My mom and I don't have the same kind of relationship as Joni and Ken, but we are extremely close, so it was interesting getting Mom's take on what it's like to be my "significant other" so to speak. I thought it would be interesting to include her feelings in my post, so I asked her to write something for me to add to my post. Here are my mom's feelings in her own words:

"In November of 2003, I was in graduate school, and had just gotten a scholarship. I was gaining confidence, learning new things, and making new friends. It was exciting! It was the happiest time of my life. Then Heather had her accident, and all of that changed. I had to quit school, which was extremely disappointing. Being a nurse did NOT appeal to me. Learning about spinal cord injury and care was a very steep learning curve. I basically went on "auto pilot" and was emotionally numb for about two years.

"Life looked pretty bleak each day when I got up, and also as I contemplated the months and years to come. I felt like I lost all my dreams, my friends, and even myself in the early months. Every morning there were hours of work caring for Heather, before I could even think of doing anything for myself. Then, when I got a break, I might just sit down to a hot meal when Heather would need something. She didn't call me for little whims, she always needed me when she called. My sleep at night was often interrupted as well. I couldn't really plan ahead much, because I didn't know what things would be like from day to day.


"Of course, I would never consider putting Heather in an institution! I knew she wouldn't get good care and wouldn't live long there. As time went on, things got easier. I became more skilled. We developed a good routine. Heather was happy, grateful for the care we gave, productive, and her health was usually pretty good. She took some college courses (which I attended with her as her note taker) and began serving in church. She made some new friends, and loved going shopping and out to the movies. I was her companion through many of these activities--but I felt like her invisible companion.
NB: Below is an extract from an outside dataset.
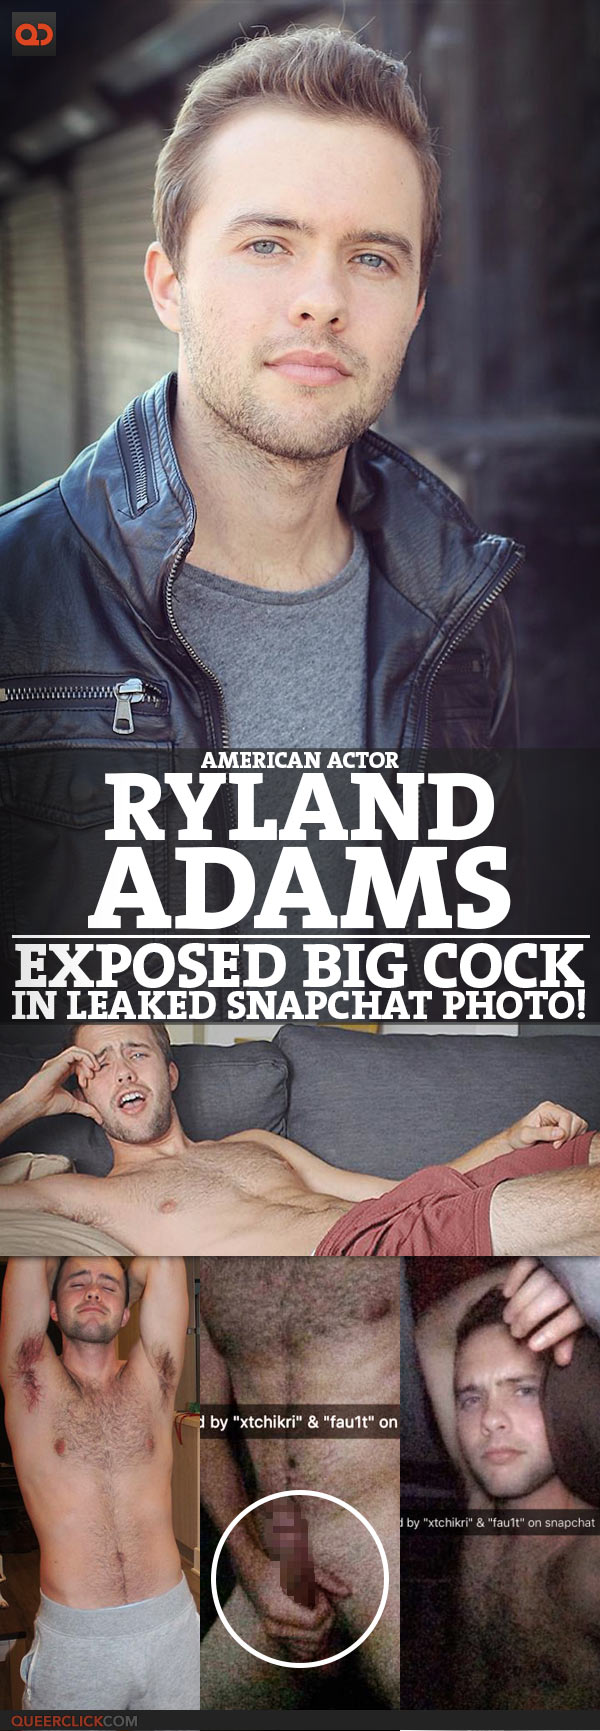 Ryland adams leaked nudes

Everyone wanted to see and talk to Heather; I was only her mother. Not that I wanted to be in the center of attention, but I also didn't like feeling invisible. 


"There were many things to adjust to along the way, both on my part and Heather's. It took some time, but I finally came to realize how blessed I was. Heather was my best friend, and she was able to live at home. So I got to spend my days in my own comfortable home with my best friend. I began to feel this was an important mission my Heavenly Father had given me, one that not many people would be able to do. He must have known I could. Knowing the Lord had confidence in me brought me great joy and the determination to fulfill this mission valiantly. No, my life is not what I hoped it would be, and it is very hard. But I am quite content, and have found happiness in caring for my wonderful daughter."


I really liked this book and would recommend it to anyone, especially someone who's dealing with a family member or friend with a long-term injury, illness or disease.

4 comments:

Jen@Because I can said...

Heather I hope you and your mom know how much I love you guys! Thanks for your amazing examples! Miss you!

jo said...

Brilliantly written, both of you. I love all of Joni's books and have been very blessed by her writing. We are used to Heather sharing honestly about her life and its good to hear from 'mom' too. It is great how you both face and accept the hard but also see your blessings in that. X

Emily Ann said...

Thank you and you mom for posting this. People often do not realize the caregivers role in our lives(paraplegic since Nov 17 2004 following a spinal for a c-section). My husband and older children are my primary caretakers. I love your blog. Thank you for being such an amazing example to me and so many others.:) God Bless

Renea Taylor said...

I've listened to Joni on the radio before and loved hearing her speak. You and your mom are both blessed to have each other!